Niet aannemelijk is geworden dat voortduring van het beslag nodig is voor het aan de dag brengen van de waarheid of het aantonen van wederrechtelijk verkregen voordeel.
Echter, gelet op de stand van het strafrechtelijk onderzoek en de mededeling van de officier van justitie ter zitting dat op korte termijn tot vervolging van klagers zal worden overgegaan, acht de rechtbank het niet hoogst onwaarschijnlijk, dat de strafrechter, later oordelend, ten aanzien van het geldbedrag van € 215.000,- over zal gaan tot het toepassen van de straf van verbeurdverklaring of de maatregel van ontneming van onrechtmatig verkregen voordeel. Het belang van de strafvordering verzet zich derhalve tegen opheffing van het beslag, zodat het beklag ongegrond moet worden verklaard."

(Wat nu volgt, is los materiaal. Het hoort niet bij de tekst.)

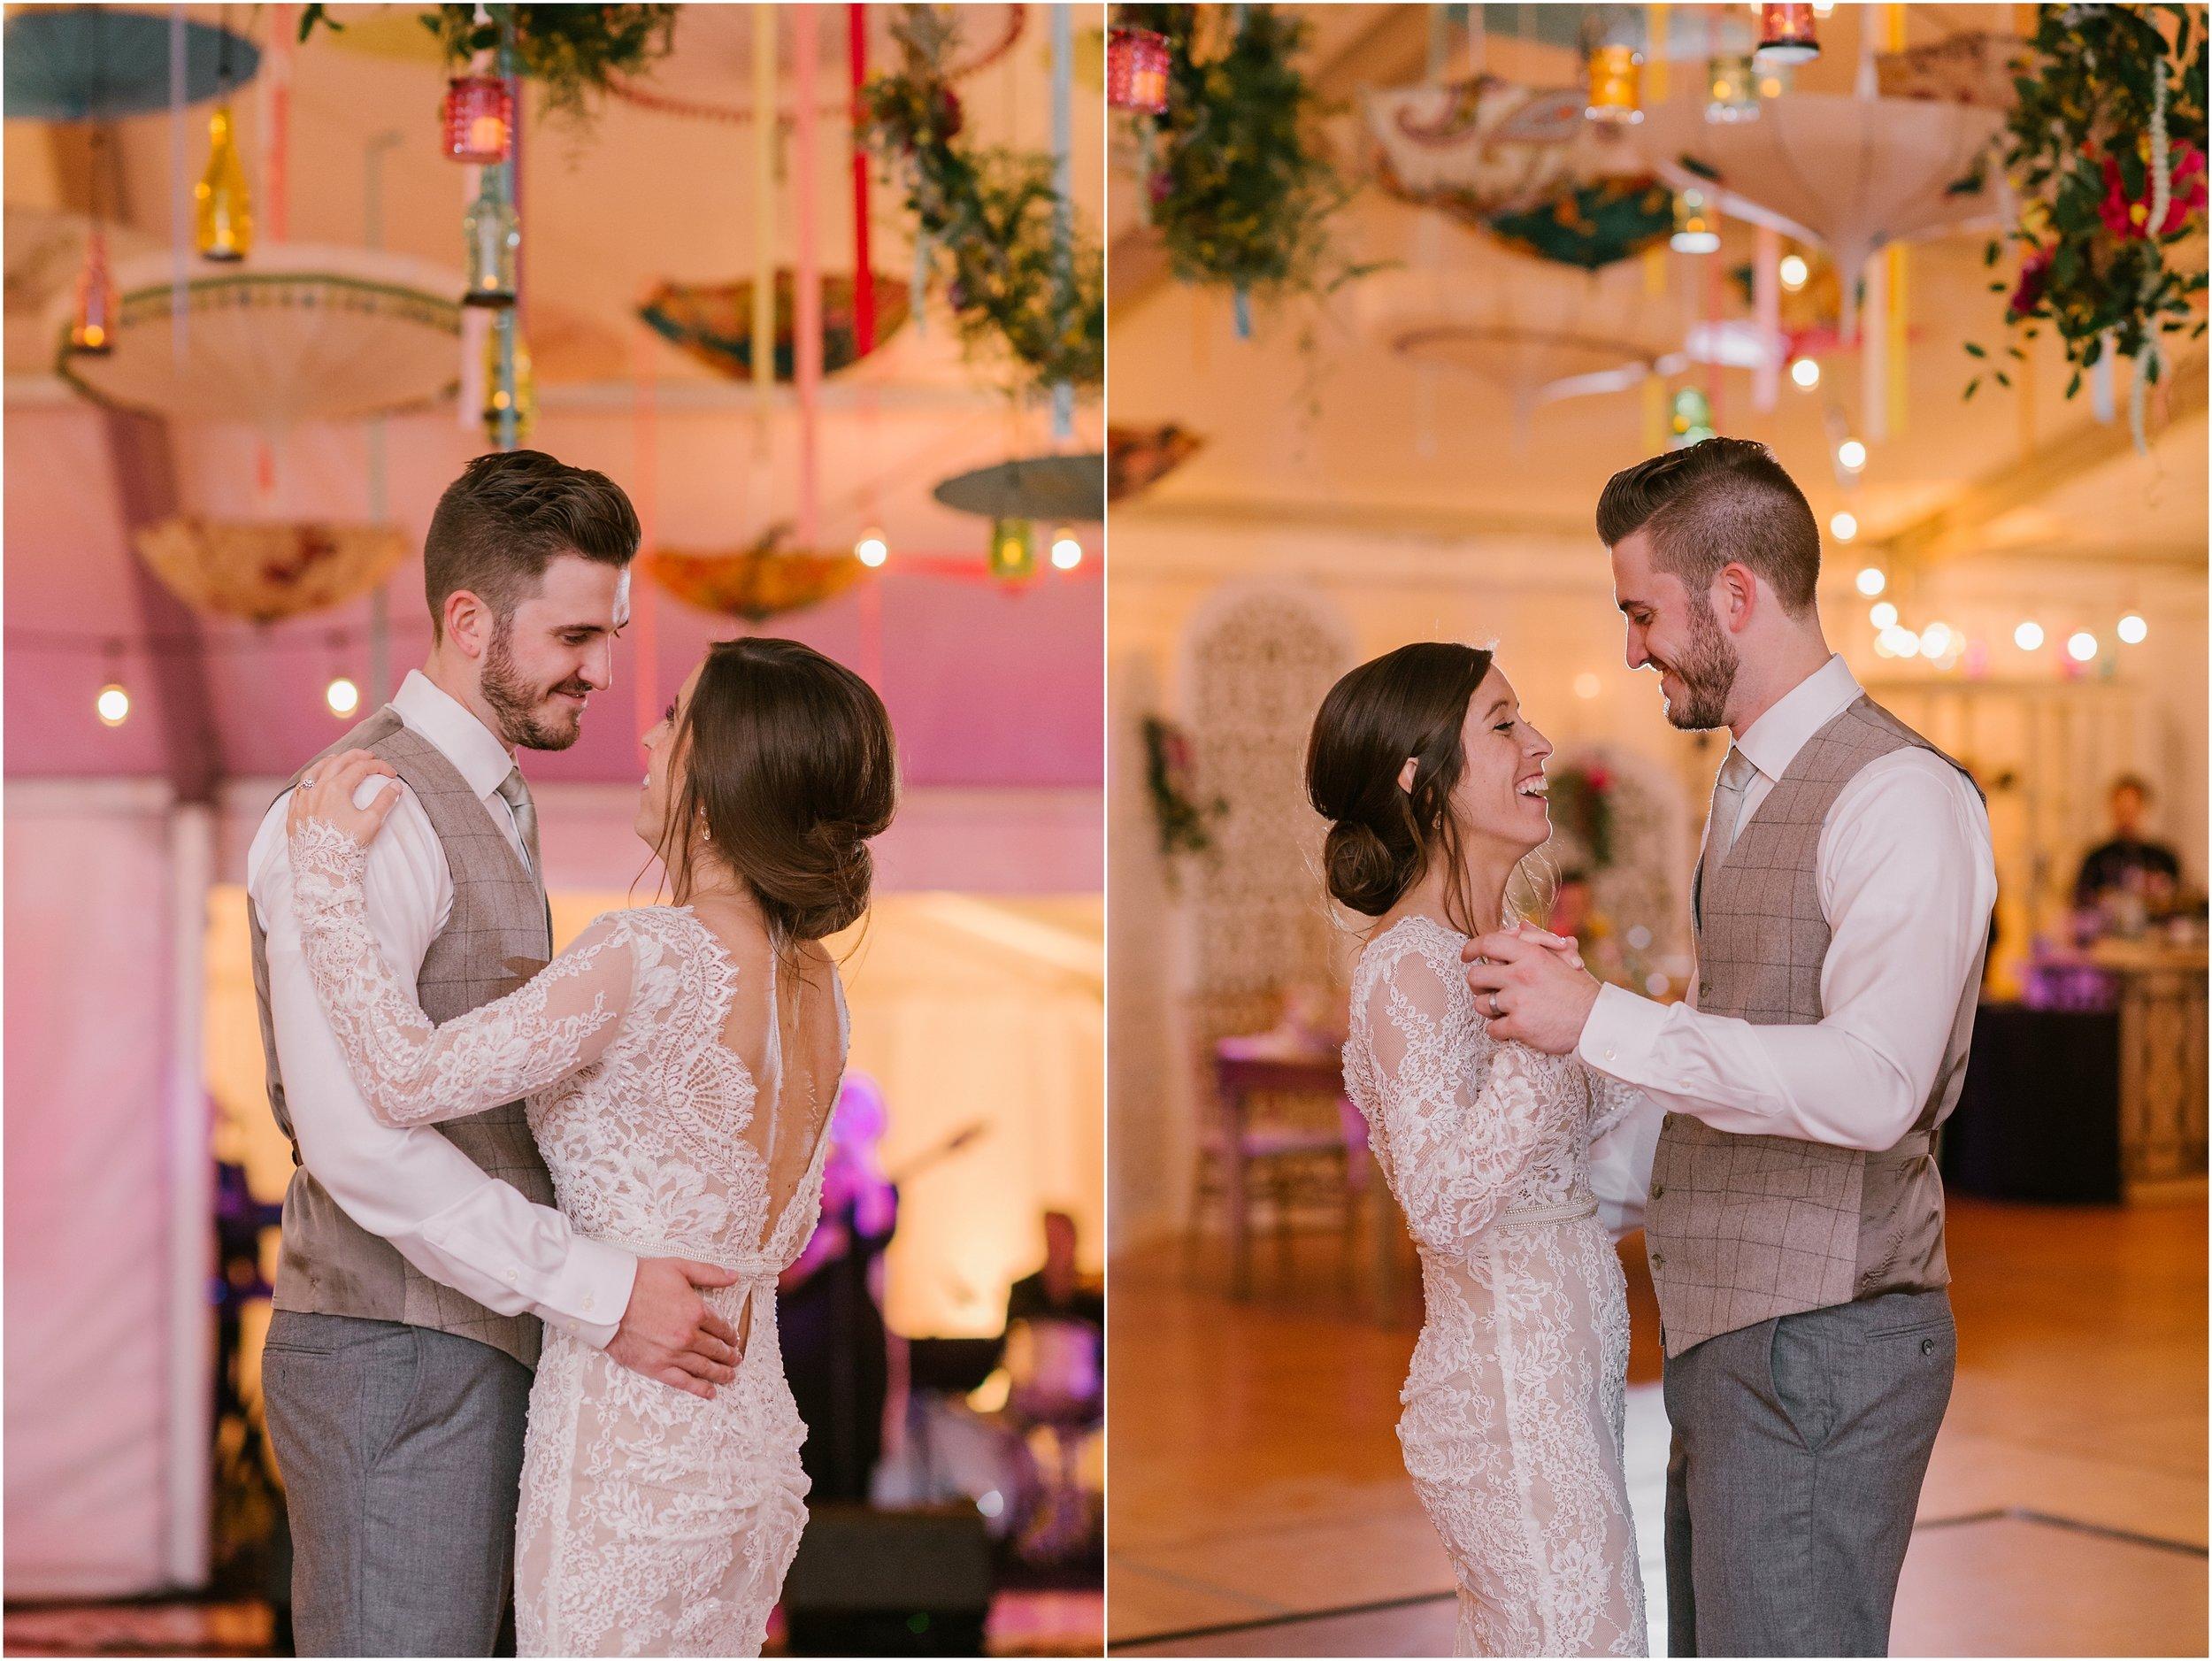 Rebecca_Shehorn_Photography_Indianapolis_Wedding_Photographer_9290.jpg

2.2. Op 18 april 2011 is bij de Hoge Raad ingekomen een brief van [betrokkene 1], namens mr. W.J.B. van Nielen, advocaat te 's-Gravenhage, inhoudende, zakelijk weergegeven, dat de klaagster bij vonnis van 30 november 2010 door de Rechtbank te 's-Gravenhage in staat van faillissement is verklaard, met benoeming van mr. Van Nielen tot curator. Een afschrift van voormeld vonnis bevindt zich bij de stukken waarvan de Hoge Raad kennis neemt.

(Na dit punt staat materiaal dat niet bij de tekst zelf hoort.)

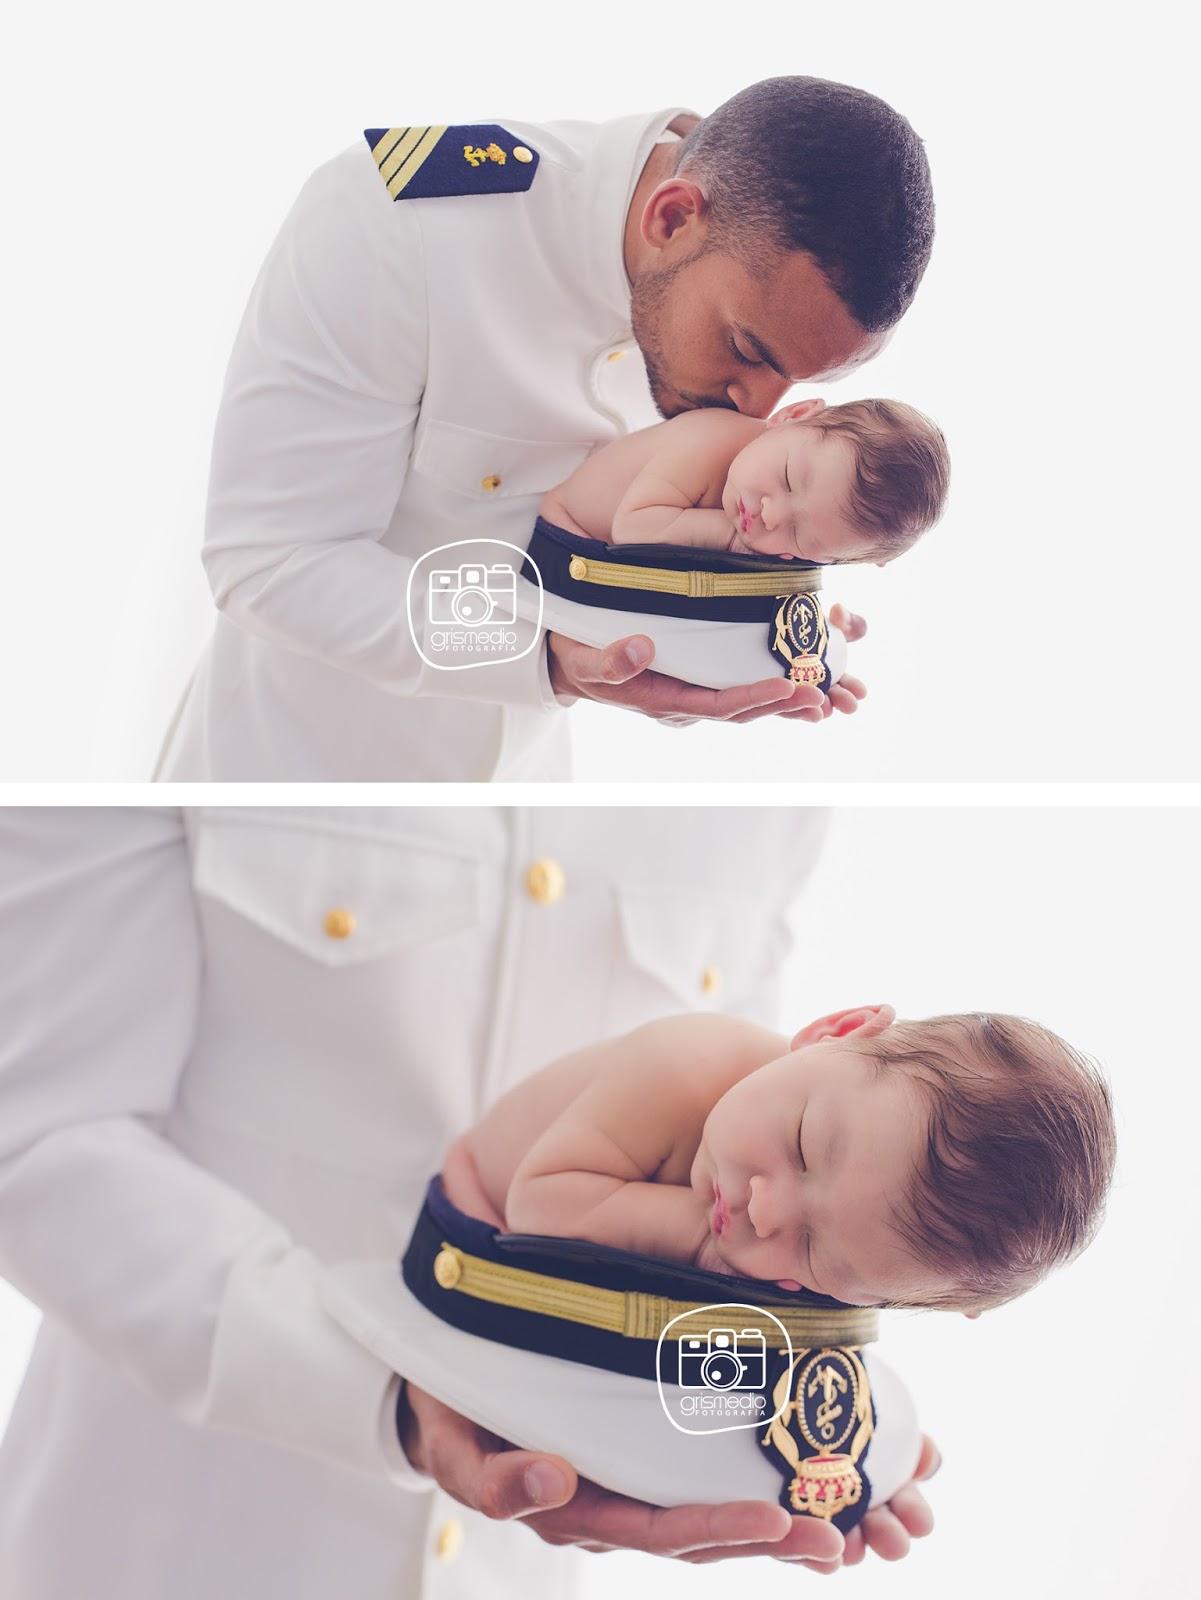 fotografia-especializada-recien-nacido-en-zaragoza-uniformes

2.3. Uit de stukken van het geding blijkt het volgende. Bij brief van 27 januari 2010 van de Officier van Justitie aan de advocaat van de klaagster is medegedeeld, zakelijk weergegeven, dat het beslag op de onderhavige bankrekeningen van de klaagster was gelegd op de voet van art. 94 Sv en dat dit beslag, zodra alle formaliteiten zijn afgerond, zal worden omgezet in een conservatoir beslag op de voet van art. 94a Sv. De schriftelijke aantekeningen van de Officier van Justitie ten behoeve van de behandeling van het klaagschrift door de raadkamer van de Rechtbank houden onder meer in dat de bedoelde omzetting heeft plaatsgevonden. Door of namens de klaagster is omtrent de status van dit beslag geen andere informatie verschaft, ook niet in cassatie. Daarom moet het ervoor worden gehouden dat het beslag op de bankrekeningen van de klaagster thans uitsluitend is gelegd op de voet van art. 94a Sv.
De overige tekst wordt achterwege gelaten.